Interface to query CPU setup, numa information and set affinity
ctk21 opened this issue · 5 comments
It might be useful (at least experimentally) to add an interface that allows the user to easily:
- query the number of CPUs in a system
- query the NUMA information in a system
- set the affinity of a domain to a given CPU
Open questions for this are:
- what exactly should the API be?
- what cross platform Linux vs Windows vs Other considerations should be taken on board?
I'd like to take up on this, I wrote the cpu topology used in OpenBSD ages ago so hopefully I can contribute something.
@dra27 and @kayceesrk expressed interested in this so I'm CCing them.
What follows is just a collection of thoughts, so take it all with a grain of salt, please :).
Topology
On the very basic, we could provide a smt (thread) count, a core count and a package (socket) count, and also the relationship between them and so on.
On a more elaborate approach we would have to consider core asymmetry (like intel 12th gen) and modern arm64, as well as cache groups like amd's CCX. Maybe num_performance_cores
num_efficient_cores
can become a thing.
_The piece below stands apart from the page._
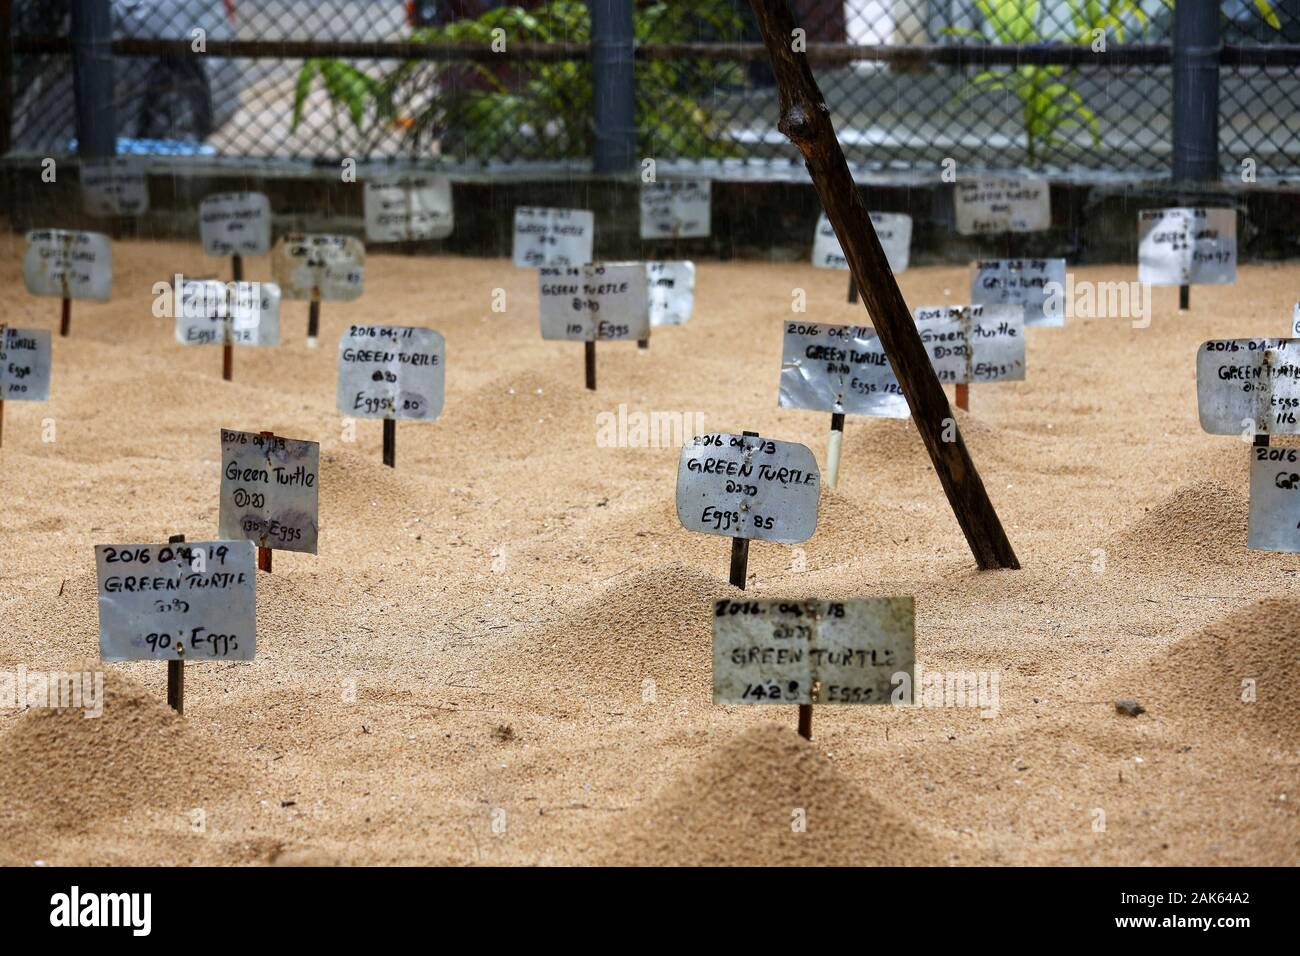 Kosgoda: Sea Turtle Conservation Project, Aufzuchtstation fuer Schildkroeten, eingegraben und markiert, Sri Lanka | usage worldwide Stock Photo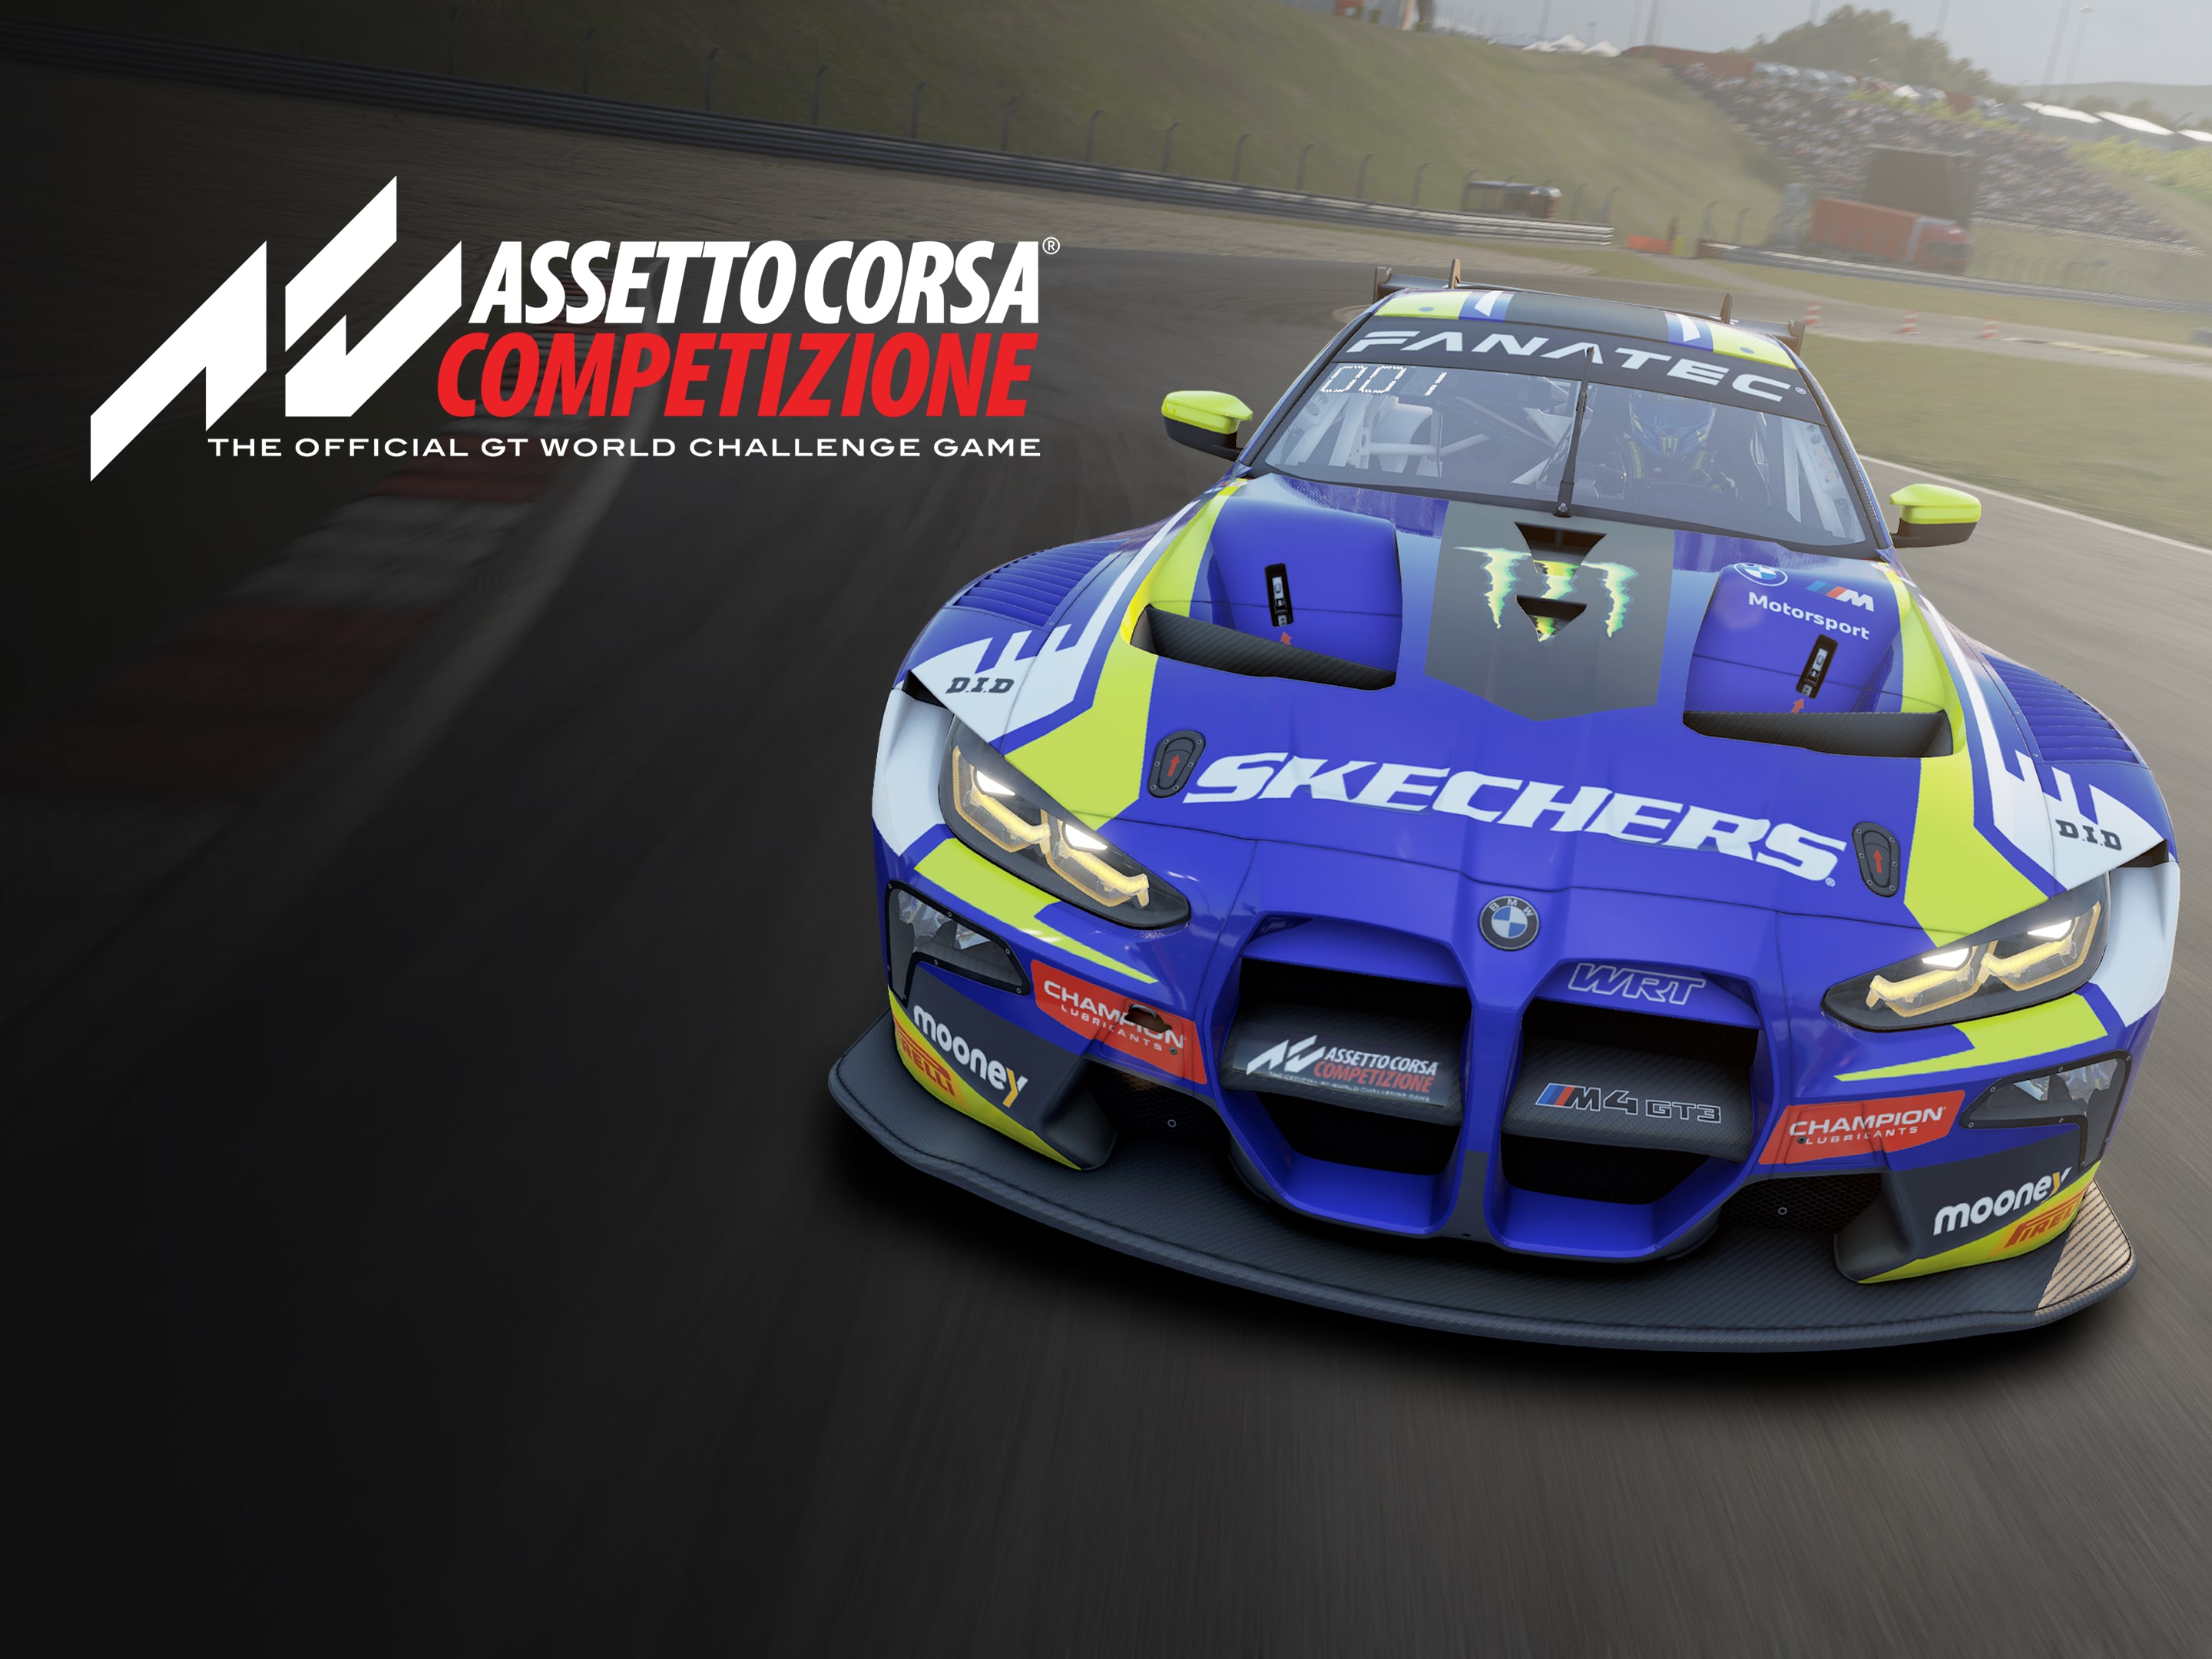 Assetto Corsa Competizione - PlayStation 4

Online vs offline cpus need some investigation, I'm not sure this is actually meaningful anywhere.
Domainsllib could provide this, but I don't think it belongs in the standard library.
The standard library could provide num_threads
at most as anything else would impose too many requirements on the underlying system, num_threads
can be usually retrieved with a sysconf
and/or sysctl
and it's widely available.
To build the topology on x86 we need to be able to at least retrieve the apicid
of each smt-thread, if that's possible we can at least build smt<>core<>package
relationship, without having to resort to more operating system support like sysctl/sysconf and whatnot. That would be a more democratic approach, we can loop over all threads, set affinity one by one, call cpuid
to retrieve the current apicid
and then build the relationship tree.
We can't assume x86 or POSIX, we also can't cover every operating system and architecture so we might consider making Domainsllib able to fail on any of the queries, I think this is better than silently returning single core
.
I haven't dived into Windows but I'm sure it provides this information somewhere, I'll write from the top of my head what I know:
Topology retrieval, from top of my head
- Linux: Yes
- OpenBSD: dmesg parsing
- FreeBSD: Full, xml tree via sysctl (I kid you not)
- NetBSD: No
Except for OpenBSD we can also just build our own by retrieving the pinning and fetching the apicid
for each core (for x86).
Nomenclature
Naming this is kinda tricky, people use threads, cores, cpus with different meanings, also a lot of the jargon is inheriting from x86, like smt (maybe sparc!?) and packages, at any rate this must be considered.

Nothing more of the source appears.